» TASK PROMPT
Print the lines that run from the line with "Original gouache on paper." to the line with "Titled on the", keeping both end lines, exactly as they appear in the entries below, and nothing else.

──────── SUPPLIED MATERIAL ────────

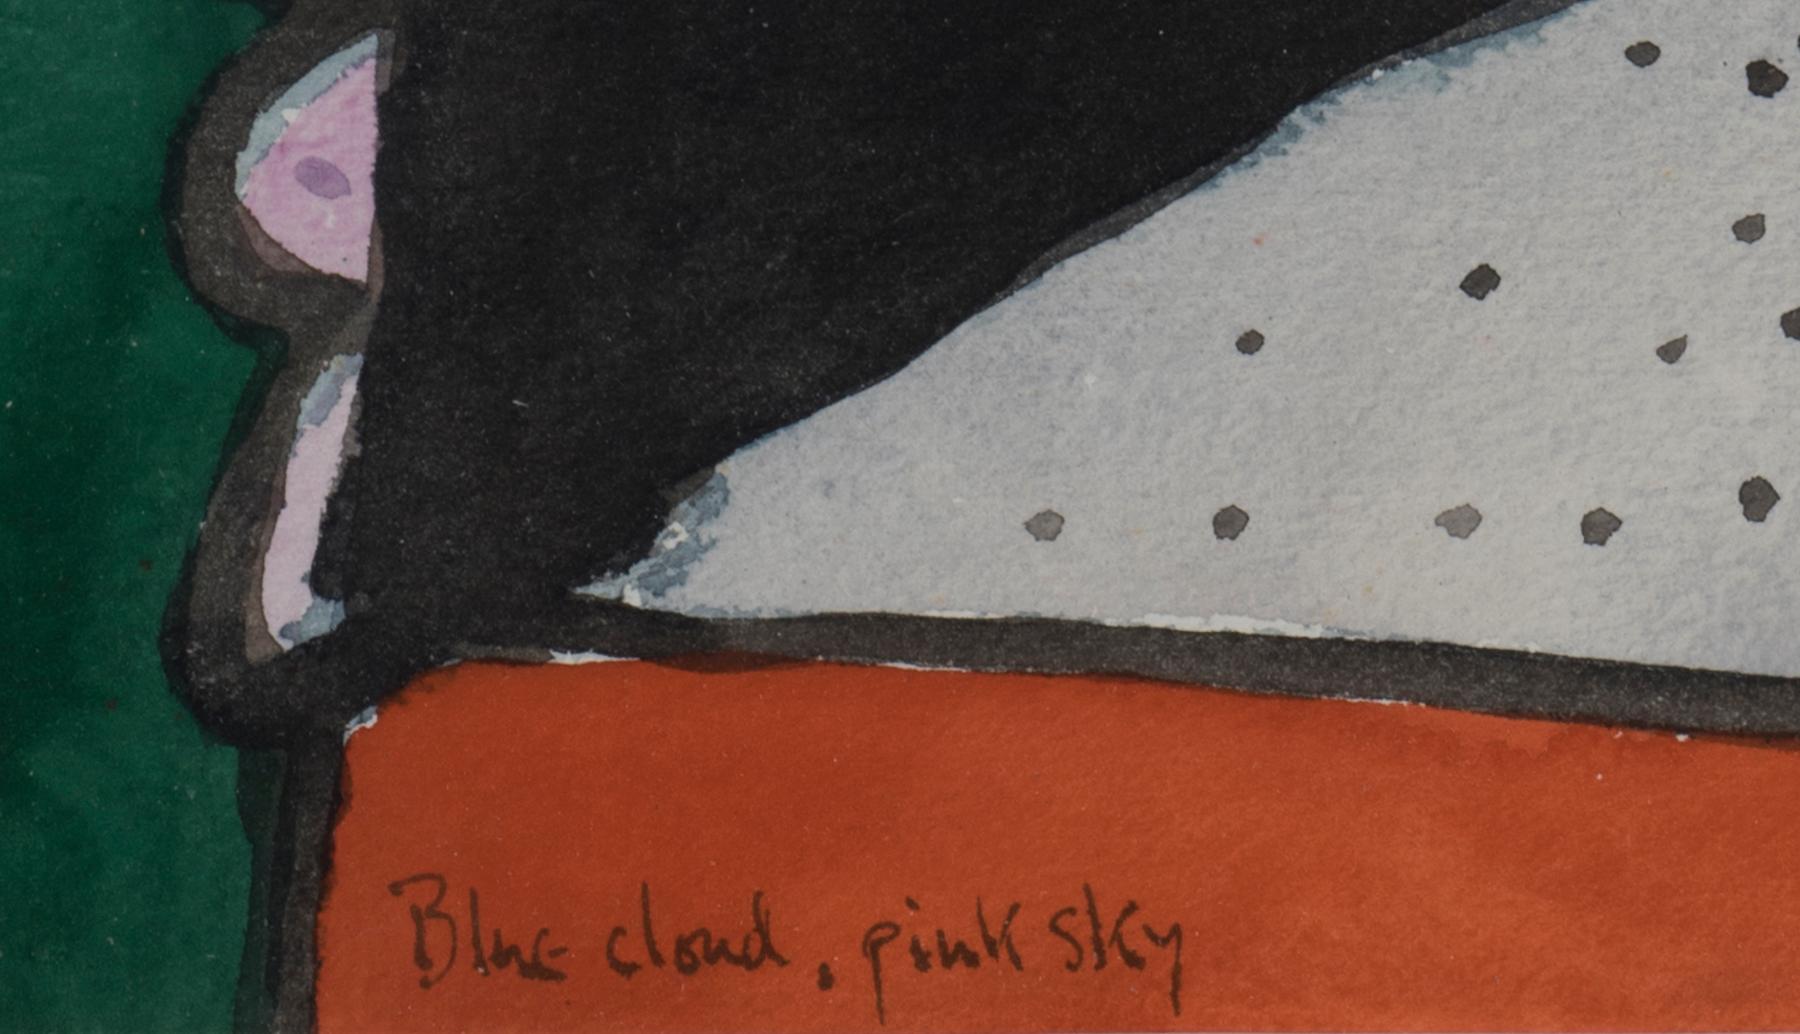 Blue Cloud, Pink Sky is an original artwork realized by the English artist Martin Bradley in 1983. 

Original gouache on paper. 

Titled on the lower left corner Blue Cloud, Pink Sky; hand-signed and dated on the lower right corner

────────
──────── SUPPLIED MATERIAL ────────

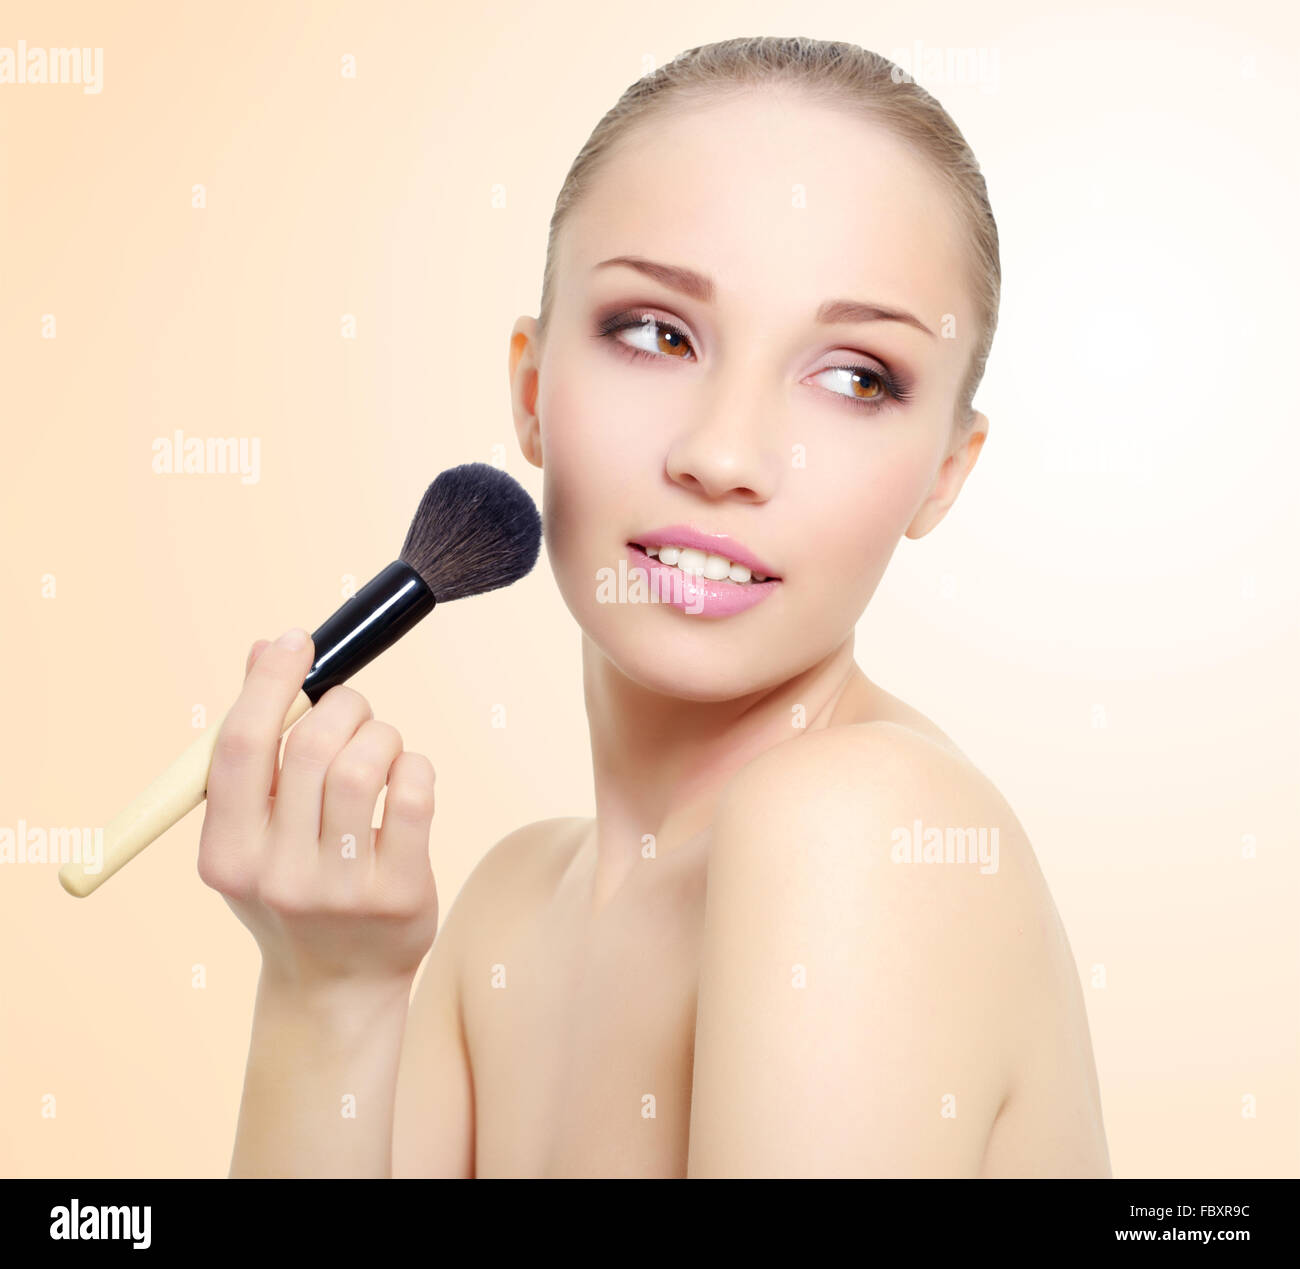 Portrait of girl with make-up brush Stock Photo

────────

» FINISHED TASK
Original gouache on paper. 

Titled on the lower left corner Blue Cloud, Pink Sky; hand-signed and dated on the lower right corner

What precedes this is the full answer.